Quando Eva do Amaral Facim nasceu, em abril de 1934, as mulheres recém haviam conquistado o direito de votar no Brasil graças a meio século de mobilização de movimentos sociais. Passados 90 anos, sob o nome de urna de Eva Facin, a idosa é uma das quase 10 mil candidatas do gênero feminino em busca de um cargo público no Rio Grande do Sul nesta eleição — e a mais velha entre todos os concorrentes registrados no Tribunal Superior Eleitoral (TSE) pelo Estado. Ela disputa, pela primeira vez, uma vaga na política, para vereadora em Santiago, na Região Central, pelo PDT.
No distante 20 de abril de 1934, quando Eva veio ao mundo, Getúlio Vargas vivia as últimas semanas de seu governo provisório, antes de ser reempossado em uma eleição indireta e dar seguimento à chamada Era Vargas. Na Alemanha, Hitler se preparava para assumir o comando do país ao unir as funções de presidente e chanceler. A população gaúcha mal contava 3 milhões de pessoas, e a expectativa média de vida no país era inferior a 40 anos. Natural de São Francisco de Assis, logo aos 16 anos Eva começaria a trabalhar como professora ensinando não apenas crianças a ler e a escrever, mas também adultos analfabetos.
— Lecionava na escola Vista Alegre. Sempre amei trabalhar. Dava carinho e conhecimento aos meus alunos pra que se tornassem pessoas maravilhosas. Hoje, tem professores da Universidade Federal de Santa Maria que fui eu que alfabetizei — vangloria-se a candidata nonagenária.
No outro extremo do ranking etário, o TSE contabiliza 21 candidatos de 18 anos na disputa pelo voto dos gaúchos nestas eleições. Essa é a idade mínima estipulada legalmente para tentar uma vaga como vereador.

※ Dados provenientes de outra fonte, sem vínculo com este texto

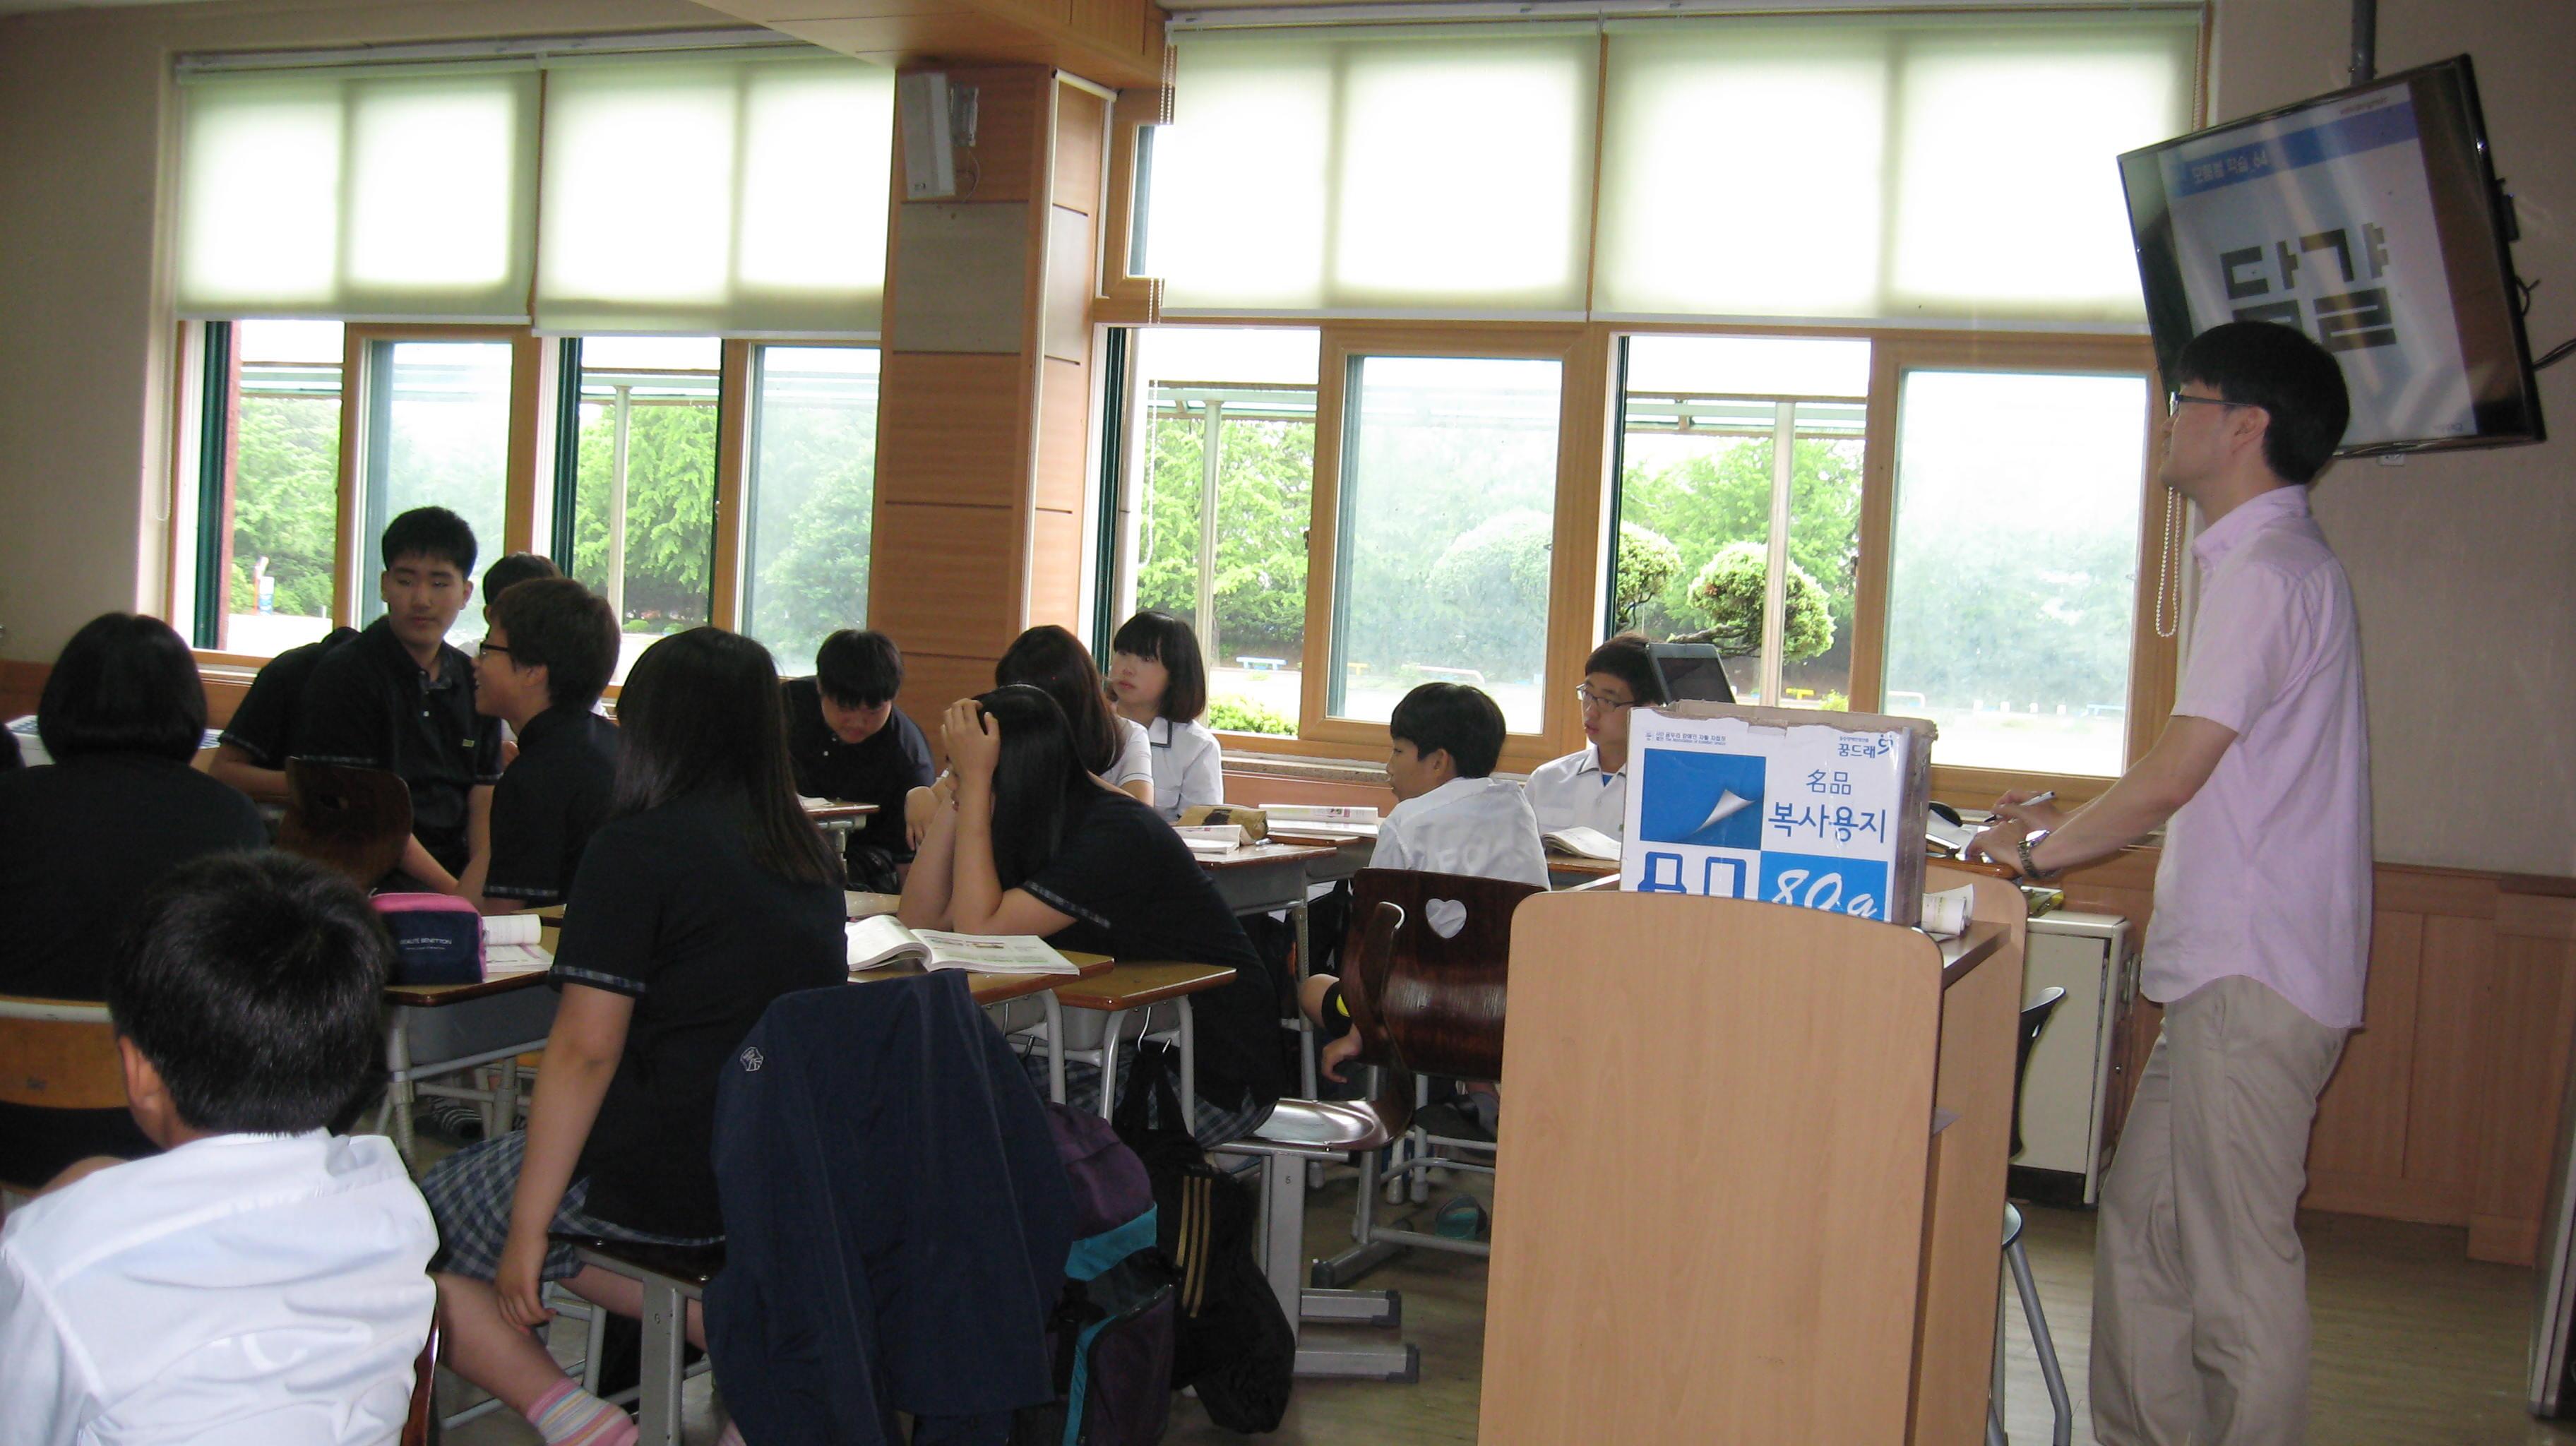 [일반] 학부모 공개 수업의 날의 첨부이미지 7

Eva se aposentou do magistério, mas não da missão de seguir ensinando — embora, atualmente, tenha trocado as letras pelos temperos:
— Agora sou professora de culinária. Fiz vários cursos. Minhas amigas vêm aqui em casa, faço muita compota e ensino a elas. Então, considero que continuo sendo professora.
A candidata concilia o trabalho como criadora de gado, em uma fazenda que ainda supervisiona pessoalmente, com outras paixões como plantar árvores e ceder mudas a outras pessoas interessadas em deixar o planeta mais verde. O hábito remonta a uma antiga tradição familiar.

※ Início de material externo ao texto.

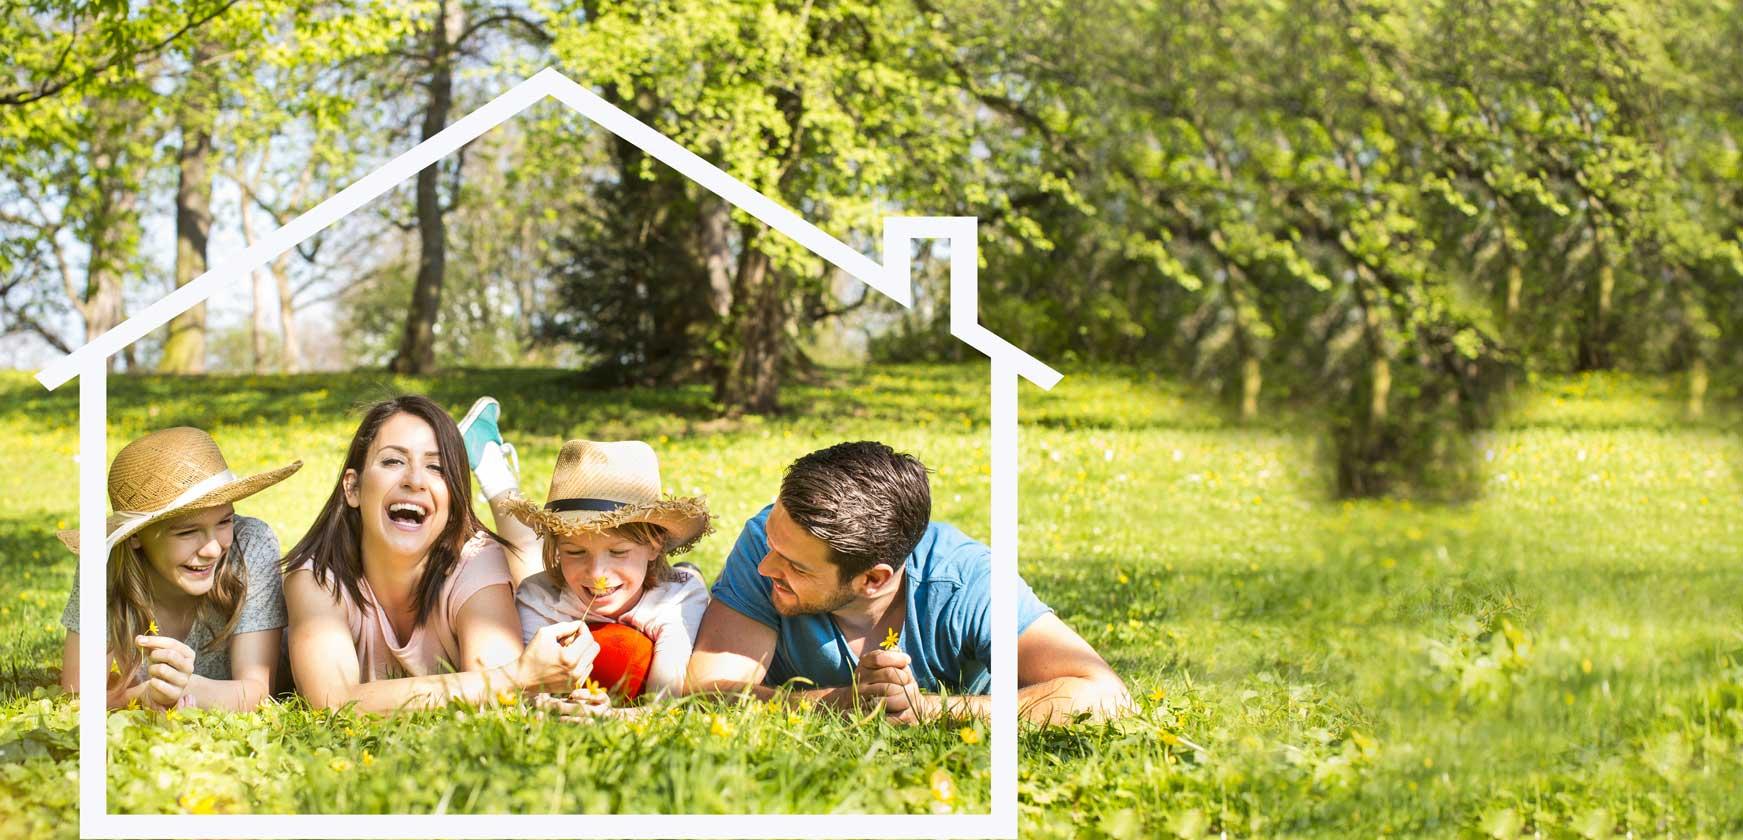 Familie auf Wiese mit weißem Hausumriss rundherum

— Meu finado pai tinha um sistema: quando a minha mãe engravidava, ele escolhia uma muda. Quando o filho nascia, ele plantava. Eu fui uma muda de cedro, que é uma madeira dura, forte. Então eu amo árvores, tenho um viveiro e faço mudas pra dar para as pessoas. Agora mesmo tenho 60 mudas de pessegueiro para os vizinhos — conta a professora aposentada.
Eva diz que a decisão de entrar para a vida política na terceira idade, quando muitas outras pessoas já buscam um cotidiano mais sossegado, veio a partir de um convite do diretório municipal da sigla.
— Dona Eva é filiada ao partido há muito tempo, participa das discussões municipais, já integrou comissões do Sindicato Rural de Santiago. É uma pessoa que pega no batente — avalia o advogado e companheiro de legenda Paulo Cesar Garcia Rosado.
A candidatura também é uma forma de homenagear o marido, Ivo, já falecido.
— Ele amava o partido, mas nunca chegou a se candidatar. Então resolvi fazer isso também por respeito a ele — revela a produtora rural, que não teve filhos.
A idosa se desloca sem grandes dificuldades, fala de modo acelerado e, até pouco tempo atrás, ainda dirigia pelas estradas do município. Agora, prefere andar na carona. Diz que vai fazer campanha apenas divulgando seu nome, sem bater de porta em porta, para receber os votos por merecimento e não por pedi-los. Entre suas ambições, caso consiga se eleger, está elaborar projetos que aumentem a proteção aos idosos em Santiago. Garante que não faltará disposição.
— Eu amo a vida, amo as pessoas, amo trabalhar. Não tenho empregada, eu mesma cozinho. Agora mesmo estou com uns 40 vidros de doce de laranja prontos — conta a candidata de nove décadas de vida.
E complementa, despedindo-se:
— Agora preciso ir, estou com a caminhonete carregada de sal e de medicamentos para o gado.